[Stored items from a collection]
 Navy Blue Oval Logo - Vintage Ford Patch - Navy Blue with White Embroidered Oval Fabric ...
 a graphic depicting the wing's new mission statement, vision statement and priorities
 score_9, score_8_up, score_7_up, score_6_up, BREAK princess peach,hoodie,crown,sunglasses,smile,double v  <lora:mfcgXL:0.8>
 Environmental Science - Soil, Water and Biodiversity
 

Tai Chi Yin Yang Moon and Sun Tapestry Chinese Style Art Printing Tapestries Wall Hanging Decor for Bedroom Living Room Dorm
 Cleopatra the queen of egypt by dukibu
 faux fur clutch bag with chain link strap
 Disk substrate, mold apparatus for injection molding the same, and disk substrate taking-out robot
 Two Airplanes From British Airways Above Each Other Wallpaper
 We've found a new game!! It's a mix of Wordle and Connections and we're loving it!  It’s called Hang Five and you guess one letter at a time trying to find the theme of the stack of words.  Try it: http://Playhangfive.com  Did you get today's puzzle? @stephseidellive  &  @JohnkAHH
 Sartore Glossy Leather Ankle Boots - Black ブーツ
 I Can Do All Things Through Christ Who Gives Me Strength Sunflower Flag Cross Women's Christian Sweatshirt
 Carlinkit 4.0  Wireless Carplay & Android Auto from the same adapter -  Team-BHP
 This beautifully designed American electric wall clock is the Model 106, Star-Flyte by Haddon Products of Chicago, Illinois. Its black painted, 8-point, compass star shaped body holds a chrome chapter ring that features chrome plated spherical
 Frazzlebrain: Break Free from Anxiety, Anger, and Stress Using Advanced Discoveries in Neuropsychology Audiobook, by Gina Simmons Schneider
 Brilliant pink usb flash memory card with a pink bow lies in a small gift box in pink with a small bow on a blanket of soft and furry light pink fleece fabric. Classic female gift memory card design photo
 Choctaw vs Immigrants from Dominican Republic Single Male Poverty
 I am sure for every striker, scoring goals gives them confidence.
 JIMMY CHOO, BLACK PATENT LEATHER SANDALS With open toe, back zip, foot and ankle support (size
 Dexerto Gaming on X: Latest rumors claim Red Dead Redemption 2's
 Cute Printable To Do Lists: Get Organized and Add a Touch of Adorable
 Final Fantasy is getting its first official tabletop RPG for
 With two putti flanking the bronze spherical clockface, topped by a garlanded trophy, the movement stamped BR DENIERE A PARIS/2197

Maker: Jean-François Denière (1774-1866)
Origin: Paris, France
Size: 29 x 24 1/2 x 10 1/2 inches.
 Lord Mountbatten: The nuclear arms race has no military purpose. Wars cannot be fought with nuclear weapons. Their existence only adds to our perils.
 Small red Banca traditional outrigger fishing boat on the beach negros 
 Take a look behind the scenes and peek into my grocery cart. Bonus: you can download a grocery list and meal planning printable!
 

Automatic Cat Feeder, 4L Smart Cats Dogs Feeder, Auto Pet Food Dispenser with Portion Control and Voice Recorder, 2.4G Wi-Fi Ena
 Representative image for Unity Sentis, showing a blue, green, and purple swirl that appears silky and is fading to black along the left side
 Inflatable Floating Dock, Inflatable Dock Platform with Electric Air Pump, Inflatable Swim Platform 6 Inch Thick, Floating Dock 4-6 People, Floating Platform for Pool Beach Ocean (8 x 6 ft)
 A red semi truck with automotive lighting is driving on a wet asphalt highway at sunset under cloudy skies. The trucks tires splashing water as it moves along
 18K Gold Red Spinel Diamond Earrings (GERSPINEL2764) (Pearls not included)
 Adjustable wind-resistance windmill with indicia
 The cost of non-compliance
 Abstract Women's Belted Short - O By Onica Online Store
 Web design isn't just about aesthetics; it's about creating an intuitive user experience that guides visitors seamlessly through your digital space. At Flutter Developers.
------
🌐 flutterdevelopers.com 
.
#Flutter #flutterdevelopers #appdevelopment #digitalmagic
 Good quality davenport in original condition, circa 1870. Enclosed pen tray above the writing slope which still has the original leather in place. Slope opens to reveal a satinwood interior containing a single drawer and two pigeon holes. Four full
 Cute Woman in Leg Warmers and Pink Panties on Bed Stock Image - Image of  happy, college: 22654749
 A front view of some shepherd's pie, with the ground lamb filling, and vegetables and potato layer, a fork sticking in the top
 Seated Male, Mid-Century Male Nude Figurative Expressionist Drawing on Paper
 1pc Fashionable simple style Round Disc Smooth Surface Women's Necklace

### Instructions for the task:
Given the data above, transcribe exactly the lines from the one containing "Web design isn't" down to the one containing "#Flutter #flutterdevelopers #appdevelopment", and no others.

### Exercise answer:
 Web design isn't just about aesthetics; it's about creating an intuitive user experience that guides visitors seamlessly through your digital space. At Flutter Developers.
------
🌐 flutterdevelopers.com 
.
#Flutter #flutterdevelopers #appdevelopment #digitalmagic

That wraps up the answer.